35116046 Case Report: A Rare Case of Elderly-Onset Adult-Onset Still's Disease in a Patient With Sy 2022 The rare systemic inflammatory disorder 'adult-onset Still's disease (AOSD)' is characterized by recurrent fever, evanescent rash, arthralgia, and leukocytosis with neutrophilia. The Yamaguchi criteria are widely used to diagnose AOSD; these criteria can be used for diagnosis after a wide range of infectious, rheumatic, and neoplastic diseases have been excluded. AOSD generally does not overlap with other rheumatic diseases. We present the rare case of an 80-year-old Japanese woman who presented with arthralgia, fever, and skin rash during treatment for systemic lupus erythematosus (SLE), which was finally diagnosed as an overlap of AOSD. Blood tests revealed leukocytosis with neutrophilia, high C-reactive protein (CRP), and liver dysfunction. Her anti-ds-DNA antibody titer and serum complement titer were at the same level as before and remained stable. We suspected AOSD based on the high serum ferritin level but hesitated to diagnose AOSD because of the patient's SLE history.
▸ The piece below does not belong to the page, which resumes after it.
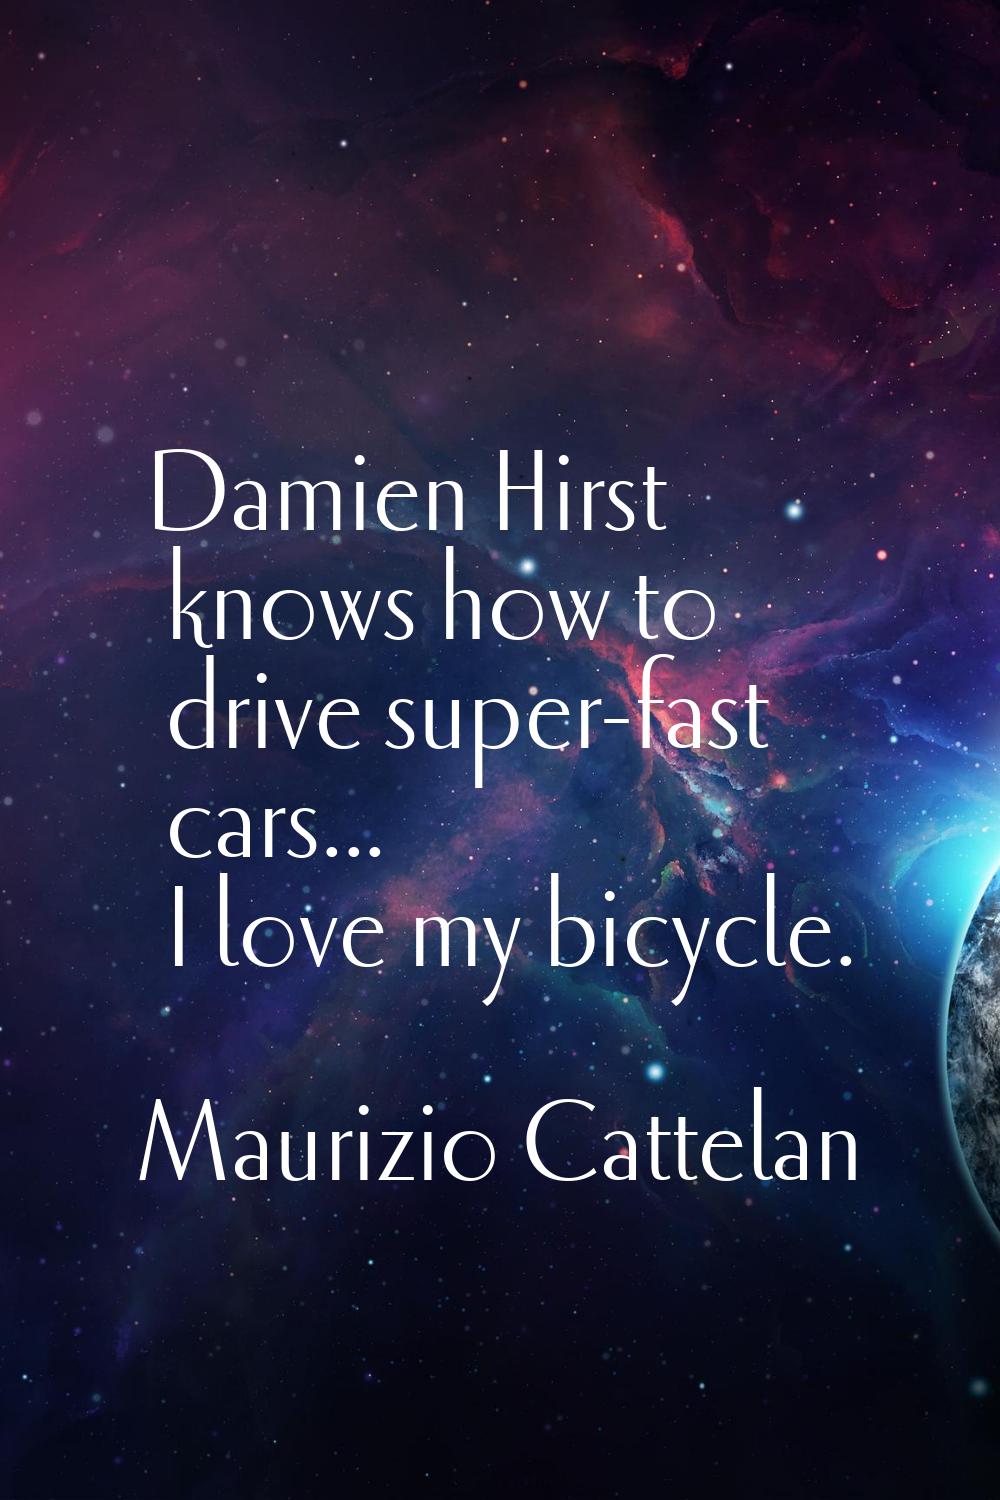 Damien Hirst knows how to drive super-fast cars... I love my bicycle.
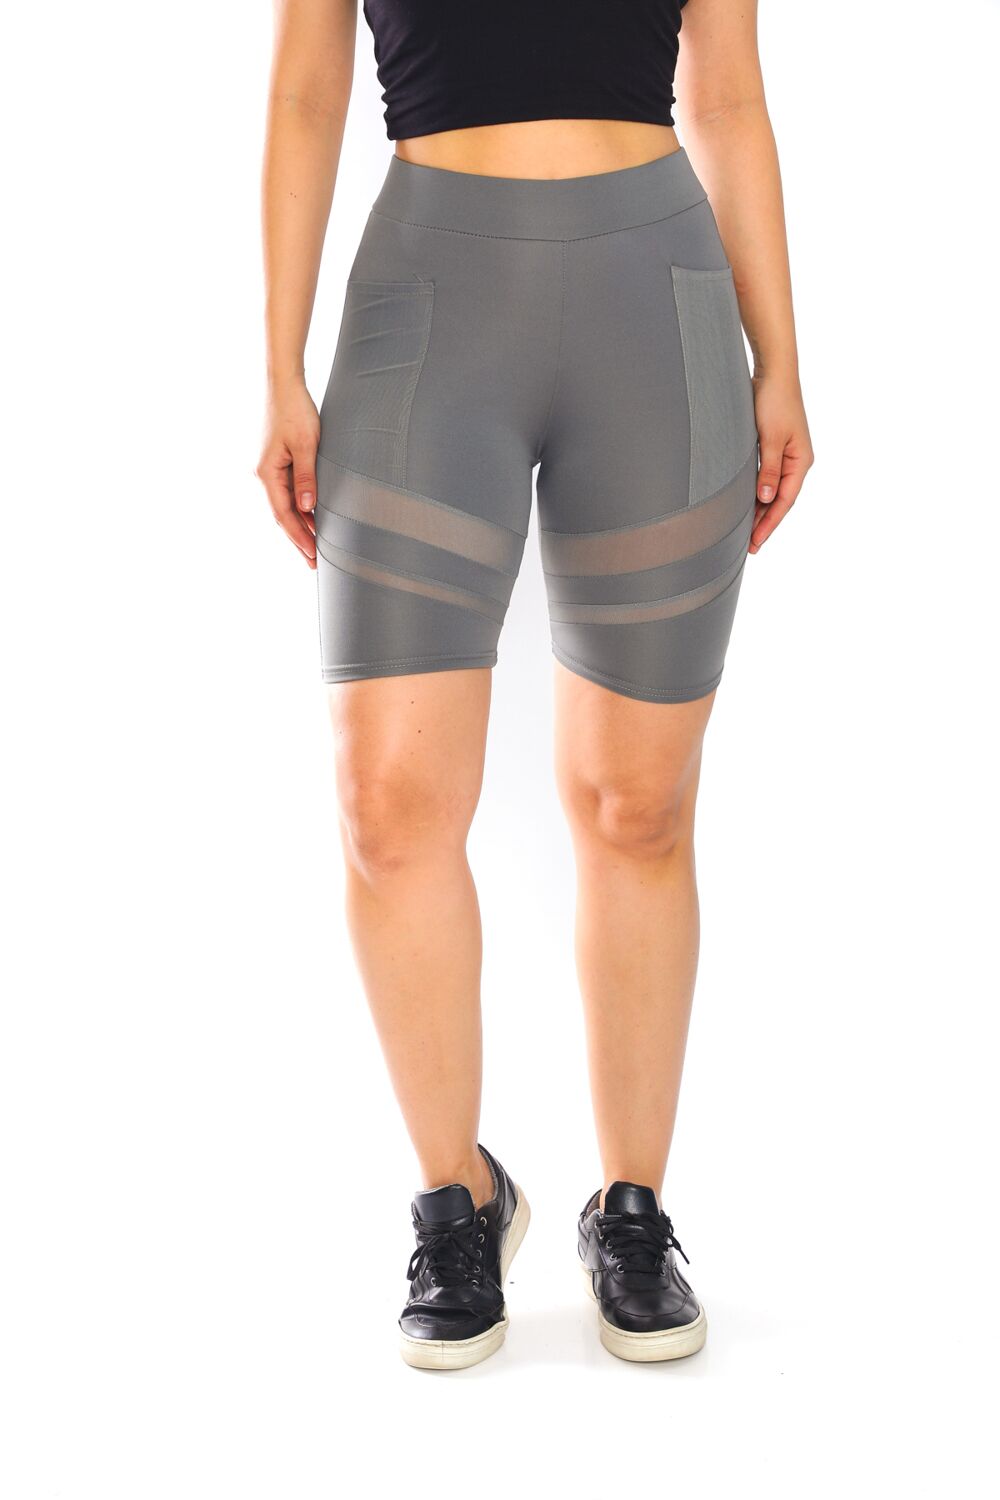 Women's Biker Shorts with Mesh and Pocket - Its All Leggings

We measured serum interleukin (IL)-18; it was extremely high at 161,221 pg/mL, which was strongly suggestive of AOSD. We thus diagnosed AOSD complicated during the course of treatment for SLE. The patient's arthralgia and high CRP level persisted after we increased her oral prednisolone dose and added oral methotrexate, but her symptoms eventually improved with the addition of intravenous tocilizumab. We note that the presence of autoantibodies or other rheumatic diseases cannot be absolutely ruled out in the diagnosis of AOSD. Although high serum IL-18 levels are not specific for AOSD, the measurement of serum IL-18 may aid in the diagnosis of AOSD in similar rare cases.